Thu, 8 Jun 2017 18:21:19 +0000 (18:21 +0000)
author Mark Searles <m.c.searles@gmail.com>
Thu, 8 Jun 2017 18:21:19 +0000 (18:21 +0000)
committer Mark Searles <m.c.searles@gmail.com>
Thu, 8 Jun 2017 18:21:19 +0000 (18:21 +0000)
diff --git a/lib/Target/AMDGPU/VOP3Instructions.td b/lib/Target/AMDGPU/VOP3Instructions.td

index 77fc955..900adb8 100644 (file)
--- a/lib/Target/AMDGPU/VOP3Instructions.td
+++ b/lib/Target/AMDGPU/VOP3Instructions.td
@@ -209,7 +209,10 @@ def V_DIV_SCALE_F64 : VOP3_Pseudo <"v_div_scale_f64", VOP3b_F64_I1_F64_F64_F64,
  }
  
  def V_MSAD_U8 : VOP3Inst <"v_msad_u8", VOP3_Profile<VOP_I32_I32_I32_I32>, int_amdgcn_msad_u8>;
+
+let Constraints = "@earlyclobber $vdst" in {
  def V_MQSAD_PK_U16_U8 : VOP3Inst <"v_mqsad_pk_u16_u8", VOP3_Profile<VOP_I64_I64_I32_I64>, int_amdgcn_mqsad_pk_u16_u8>;
+} // End Constraints = "@earlyclobber $vdst"
  
  def V_TRIG_PREOP_F64 : VOP3Inst <"v_trig_preop_f64", VOP3_Profile<VOP_F64_F64_I32>, AMDGPUtrig_preop> {
    let SchedRW = [WriteDouble];
@@ -232,8 +235,10 @@ def V_ASHRREV_I64 : VOP3Inst <"v_ashrrev_i64", VOP3_Profile<VOP_I64_I32_I64>>;
  
  let SubtargetPredicate = isCIVI in {
  
+let Constraints = "@earlyclobber $vdst" in {
  def V_QSAD_PK_U16_U8 : VOP3Inst <"v_qsad_pk_u16_u8", VOP3_Profile<VOP_I64_I64_I32_I64>, int_amdgcn_qsad_pk_u16_u8>;
  def V_MQSAD_U32_U8 : VOP3Inst <"v_mqsad_u32_u8", VOP3_Profile<VOP_V4I32_I64_I32_V4I32>, int_amdgcn_mqsad_u32_u8>;
+} // End Constraints = "@earlyclobber $vdst"
  
  let isCommutable = 1 in {
  def V_MAD_U64_U32 : VOP3Inst <"v_mad_u64_u32", VOP3b_I64_I1_I32_I32_I64>;
diff --git a/test/CodeGen/AMDGPU/llvm.amdgcn.mqsad.pk.u16.u8.ll b/test/CodeGen/AMDGPU/llvm.amdgcn.mqsad.pk.u16.u8.ll

index 3a2b87c..31653f9 100644 (file)
--- a/test/CodeGen/AMDGPU/llvm.amdgcn.mqsad.pk.u16.u8.ll
+++ b/test/CodeGen/AMDGPU/llvm.amdgcn.mqsad.pk.u16.u8.ll
@@ -4,19 +4,29 @@
  declare i64 @llvm.amdgcn.mqsad.pk.u16.u8(i64, i32, i64) #0
  
  ; GCN-LABEL: {{^}}v_mqsad_pk_u16_u8:
-; GCN: v_mqsad_pk_u16_u8 v[{{[0-9]+:[0-9]+}}], s[{{[0-9]+:[0-9]+}}], v{{[0-9]+}}, v[{{[0-9]+:[0-9]+}}]

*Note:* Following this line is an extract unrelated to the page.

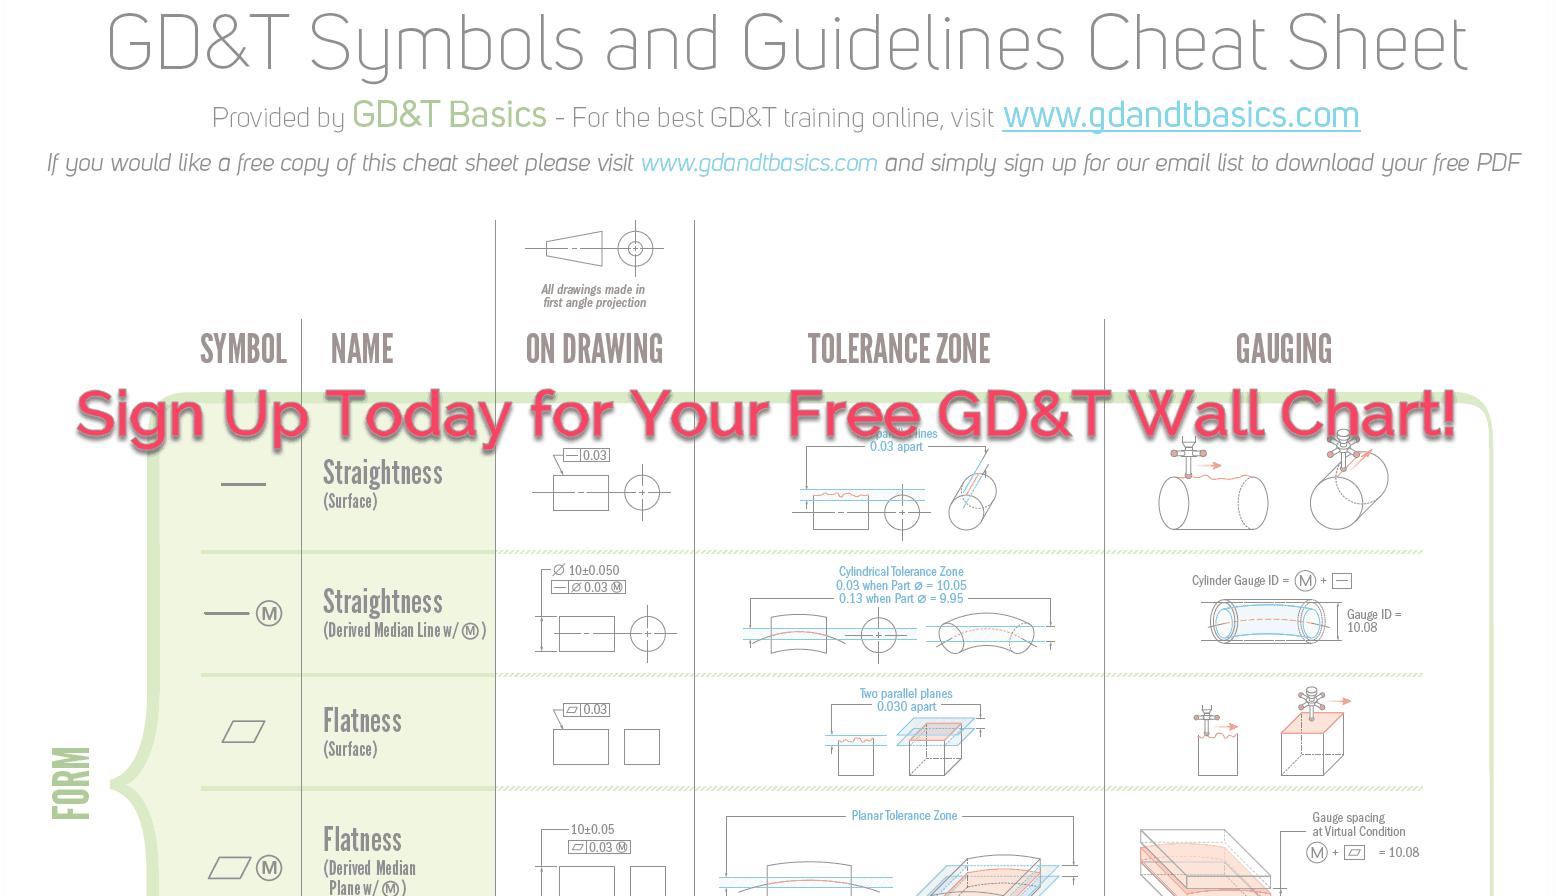 Gdt symbols chart the best gdt pdf online gdt basics gdt wall chart pdf sample buycottarizona Image collections
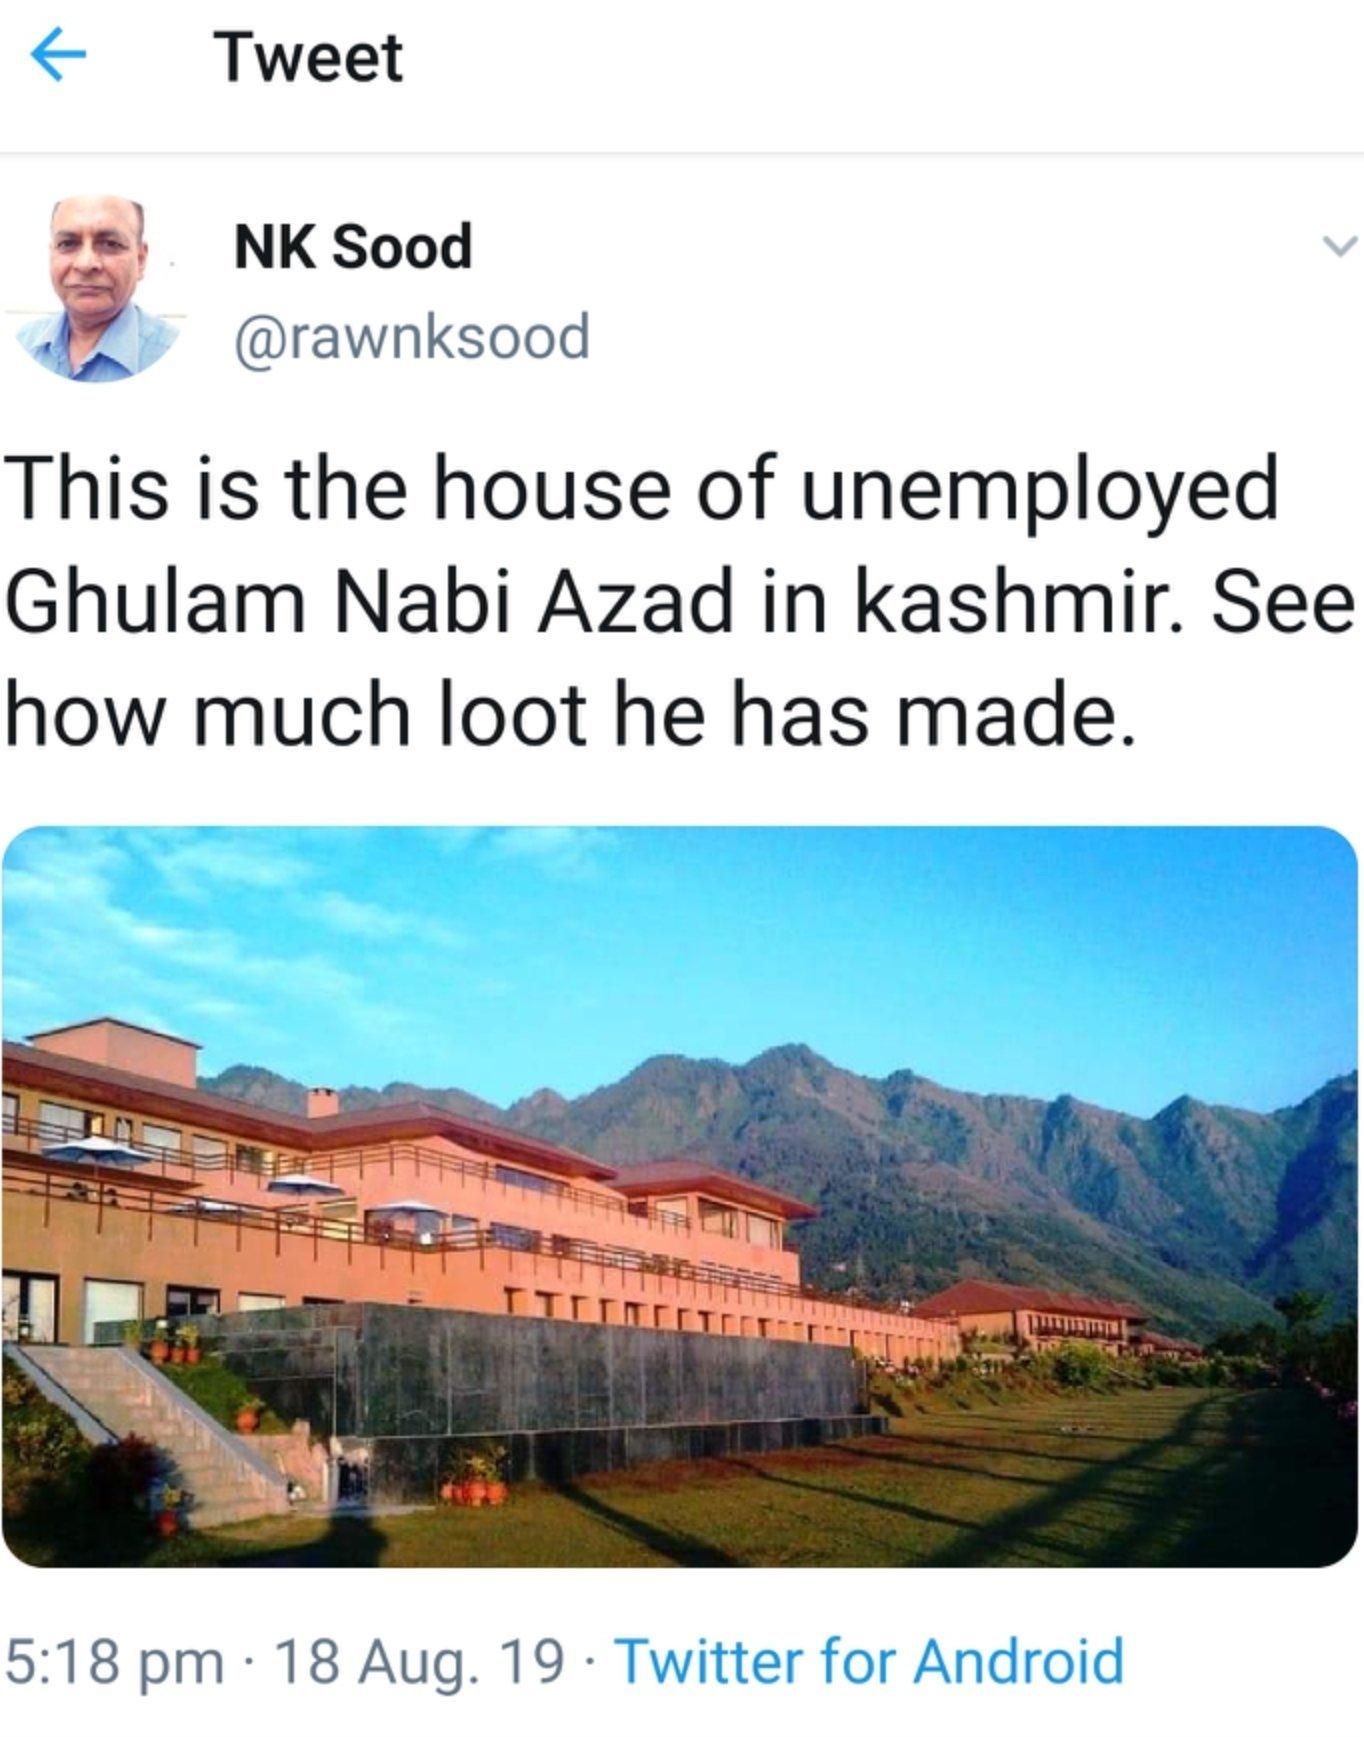 NK Sood tweet.

+; GCN: v_mqsad_pk_u16_u8 v[0:1], v[4:5], s{{[0-9]+}}, v[{{[0-9]+:[0-9]+}}]
+; GCN-DAG: v_mov_b32_e32 v5, v1
+; GCN-DAG: v_mov_b32_e32 v4, v0
  define amdgpu_kernel void @v_mqsad_pk_u16_u8(i64 addrspace(1)* %out, i64 %src) {
-  %result= call i64 @llvm.amdgcn.mqsad.pk.u16.u8(i64 %src, i32 100, i64 100) #0
-  store i64 %result, i64 addrspace(1)* %out, align 4
+  %tmp = call i64 asm "v_lsrlrev_b64 $0, $1, 1", "={VGPR4_VGPR5},v"(i64 %src) #0
+  %tmp1 = call i64 @llvm.amdgcn.mqsad.pk.u16.u8(i64 %tmp, i32 100, i64 100) #0
+  %tmp2 = call i64 asm ";; force constraint", "=v,{VGPR4_VGPR5}"(i64 %tmp1) #0
+  store i64 %tmp2, i64 addrspace(1)* %out, align 4
    ret void
  }
  
  ; GCN-LABEL: {{^}}v_mqsad_pk_u16_u8_non_immediate:
-; GCN: v_mqsad_pk_u16_u8 v[{{[0-9]+:[0-9]+}}], s[{{[0-9]+:[0-9]+}}], v{{[0-9]+}}, v[{{[0-9]+:[0-9]+}}]
+; GCN: v_mqsad_pk_u16_u8 v[0:1], v[2:3], v4, v[6:7]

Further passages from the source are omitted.